A chort (чёрт, Belarusian and чорт, čort or črt, czart and czort, Czech and čert, črt) is an anthropomorphic malign spirit or demon in Slavic folk tradition. Chorts are often depicted identically to Christian devils, with horns, hooves, and a skinny tail. In Slavic mythology, a singular chort is sometimes identified as a son of the god Chernobog and the goddess Mara. In folk Christianity, they are considered lesser minions of Satan.

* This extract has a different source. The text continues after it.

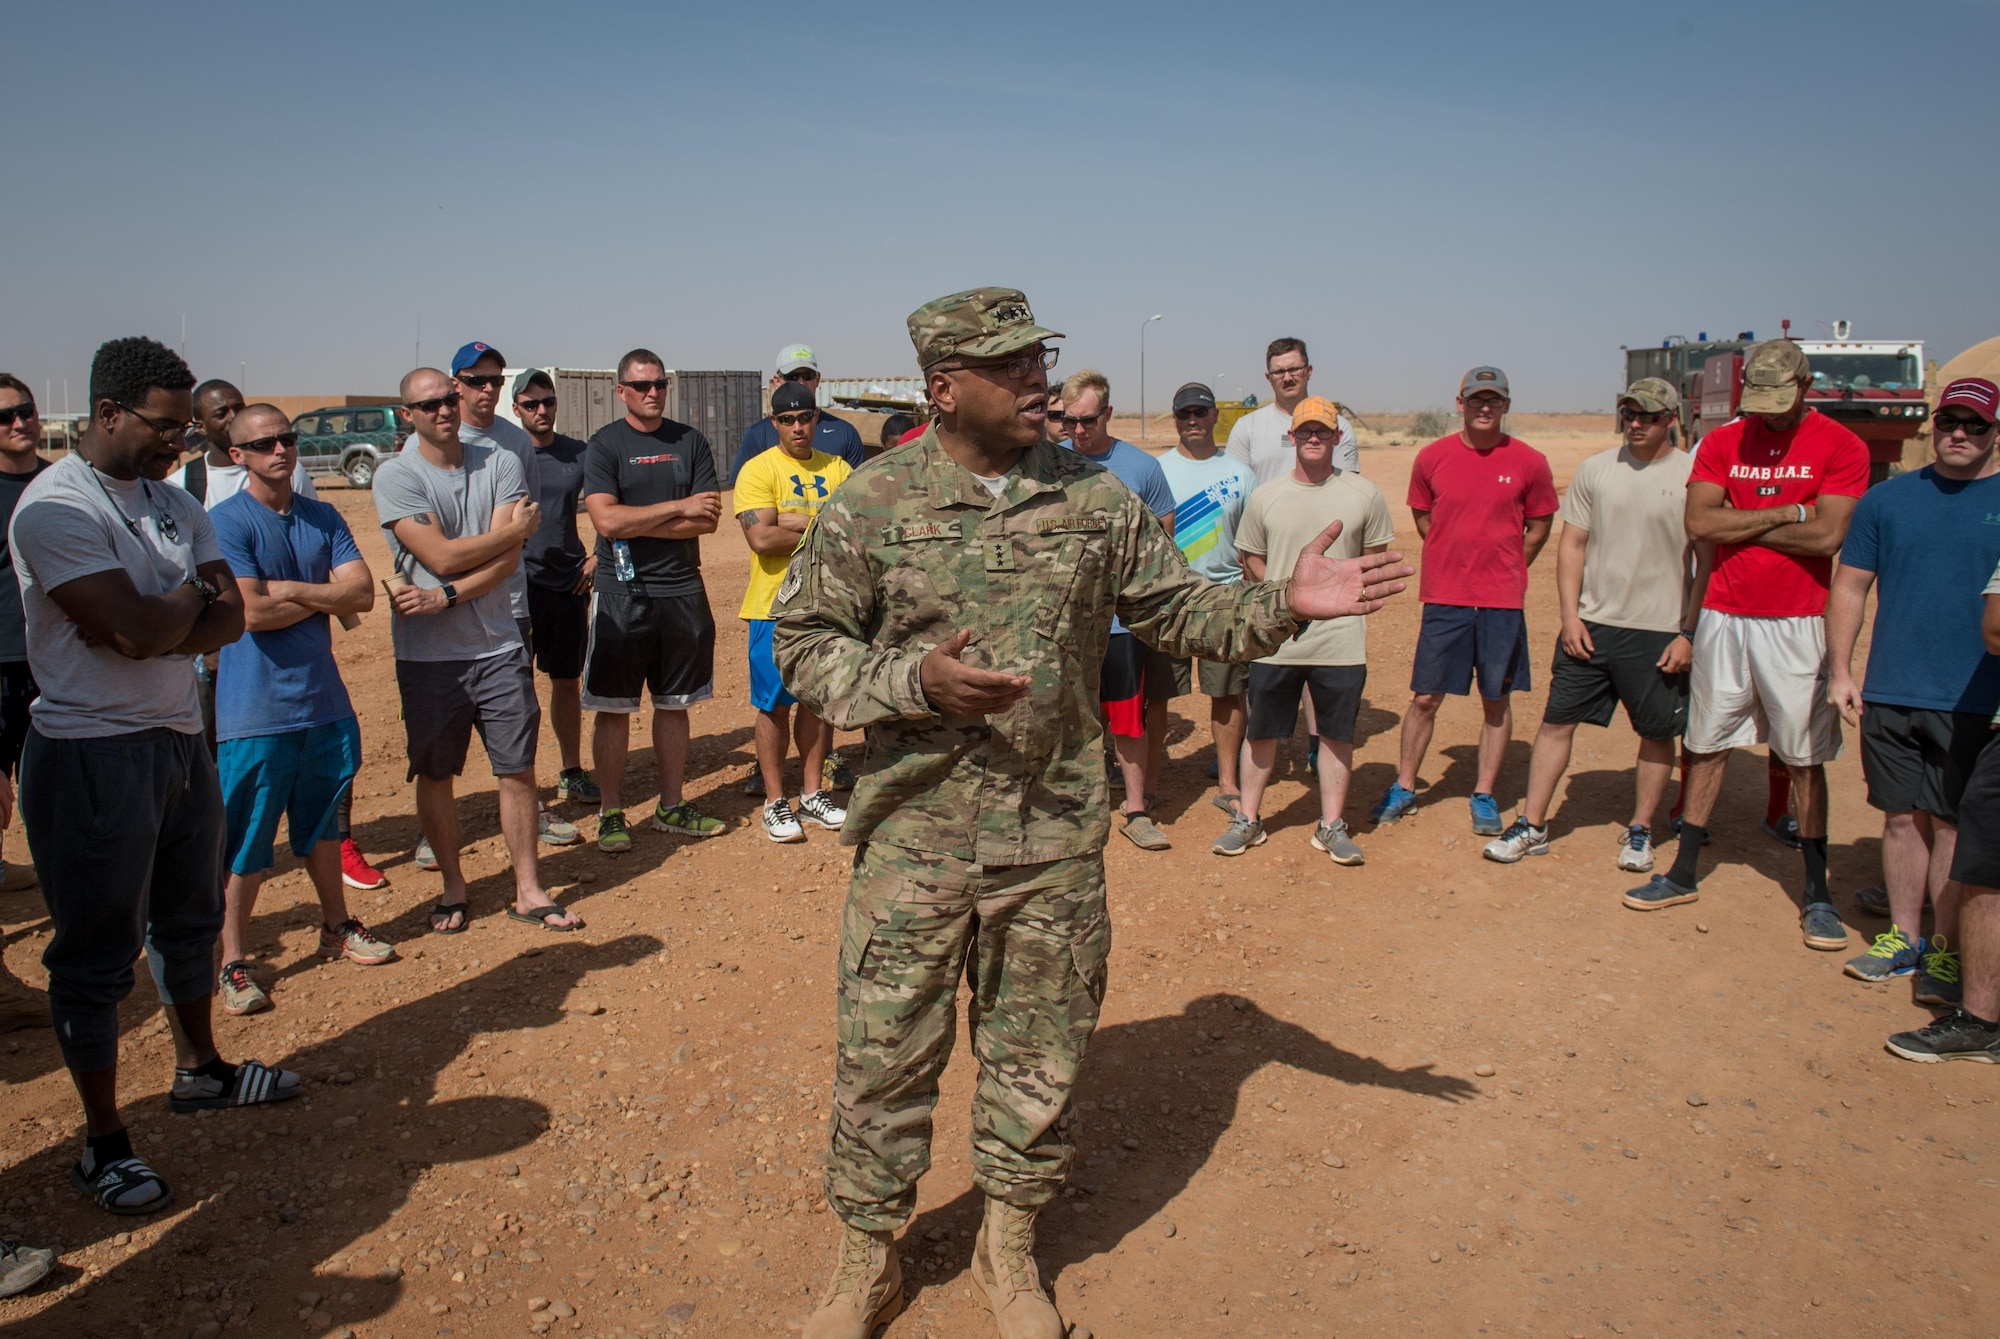 Lt. Gen. Richard Clark, 17th Expeditionary Air Force commander, speaks to Airmen assigned the 724th Expeditionary Air Base Squadron at Air Base 201 in Agadez, Niger, during a visit Nov. 24, 2016. During a three day trip, Clark visited Airmen in Europe and Africa who support the Air Force's intelligence, surveillance and reconnaissance mission. This was Clark's first visit to NAS Sigonella, Niamey and Agadez as 3rd Air Force commander. (U.S. Air Force photo by Tech. Sgt. Ryan Crane)

The word is used in various Russian expressions (curses): чёрт побери (chort poberi) – meaning "be taken by the demon" (often used as an exclamation to express frustration or pain as in English "darn!", "rats!", "shit!", etc., or as an acceptable version of cursing in Eastern Europe); чёрт попутал (chort poputal) – meaning mixed up by the demon; к чертям (k chertyam) – meaning to hell, and many others.

==Etymology==
There are many theories regarding the origins of the Proto-Slavic word *čьrtъ.
One is that it is the past passive participle of an unattested verb (nouns: *čarъ, *čara ("magic, sorcery")) that is the exact equivalent of the Lithuanian kerė́ti ("to bewitch"). This etymology is supported by analogies, cf. *vȏrgъ ("foe, enemy; evil spirit") > *voržiti ("to divine). This makes it a cognate with Sanskrit कृत्या (kṛtyā, "female demon, sorceress").
Another is that it is a substantivized t-participle of *ker- (to cut, to chop), which could be derived from a chort imagined as being lame (having one leg shorter). Words like the Ukrainian kutsyi and Czech and Slovak kusý are some of chort's most common epithets. According to another hypothesis, Proto-Slavic *čьrtъ represents a derivative of *čersti / čьrtǫ ‘to draw a line, furrow’. One way to interpret this derivation is reconstructing *čьrtъ as a supernatural Draughtsman in charge of determining human fate. Under this hypothesis, the original god of destiny came to be perceived as the bringer of death and then syncretised with the embodiment of all evil in the Christian tradition. In Ukrainian, chorts are also known as haspyda, didko, irod, and kutsyi. The Polish version of the word is czart.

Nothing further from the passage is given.